It seems, our world is going to end in 2012!
I thought I should bring about at least one change in me before the doom comes. Yes, at least one.
Now, which one is that?
For fifty-one long years, I have worried about all sorts of things. Nothing of those things - the things I had feared - have come to pass... I have survived! Now, they say the doom is really approaching... just three years away from our doorsteps! I thought, if every thing is going to go in tsunami, inferno or tremor - whatever that is - why should I worry at all? At least, three years are left to enjoy this life. Yes, THREE LONG YEARS! Let me bring about, at least, one change in me before I go... we all go.

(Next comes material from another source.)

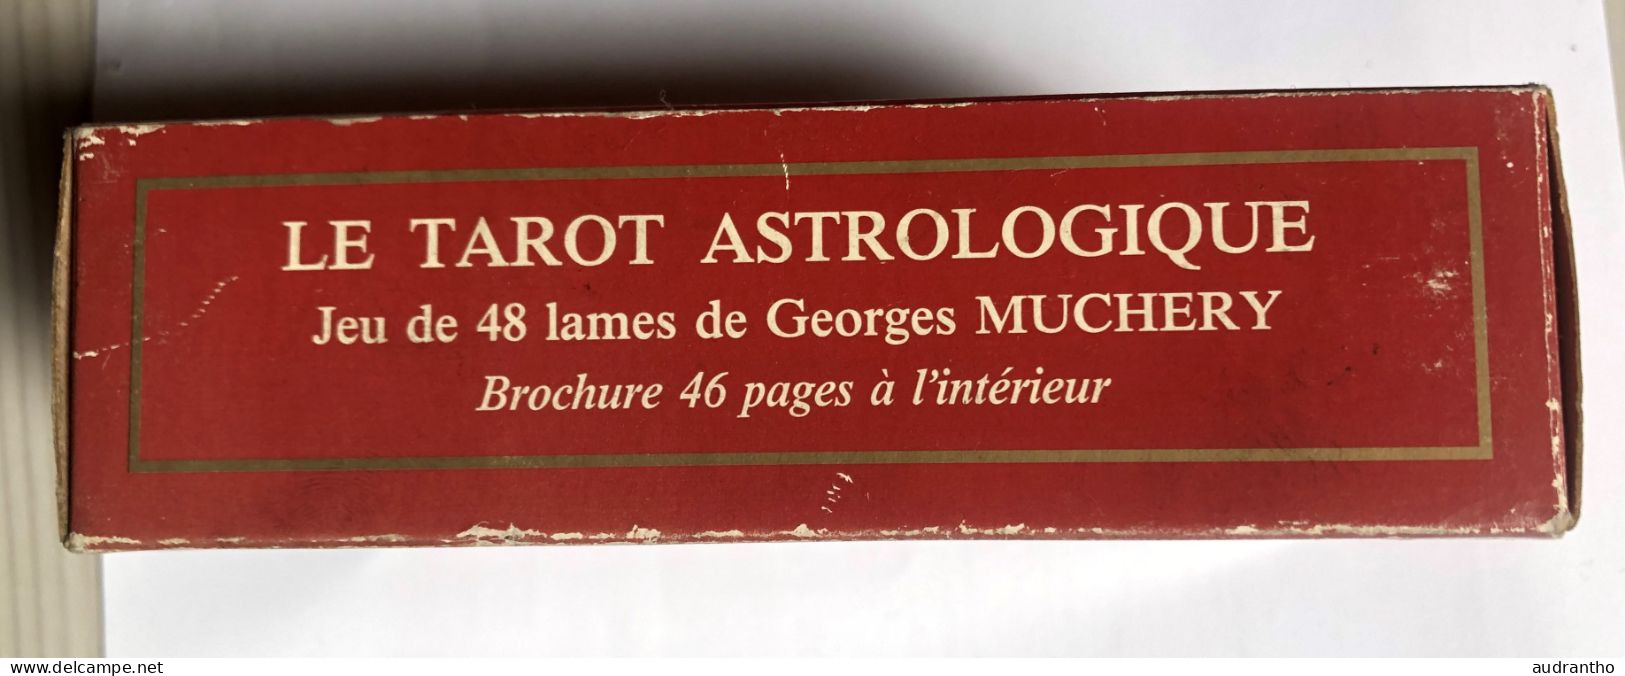 très beau jeu de Tarot divinatoire Voyance - Tarot astrologique de Georges Muchery 1987 - éditions du Chariot

Suddenly, it hits me, again, that to enjoy life, I must learn to take things a little lightly. I must learn to laugh a little more... laugh at myself... not to take things - events, situations, comments, arguments and everything else too seriously. I must learn to let go my need to control, the need to be appreciated, agreed to, even respected and adored. Yes, all these things had been destroying my ability to savour life, for all these years. Now, if I don't do something about this, I will not even get these last three years!
How shall I bring about this change?
The world did not end though some things went wrong in my life. The world did not end though some people criticised me, disagreed with me, abused me. The world did not end though some life-events came harsh on me. No, the world has not ended; I have survived.
So, I think, it is time I did something different. When others enjoyed life, I was worrying. Now, when they worry, let me enjoy...
I deserve these three years, at least.
2012 is just a metaphor for me. That unless I do something about my old,worrying habit, the doom is just a few steps from my door. Something, inside me, guides me to see this truth...
I strongly feel, as I write this, that the world WILL end. The world of my gloom and doom!
Long live the prophets and the soothsayers!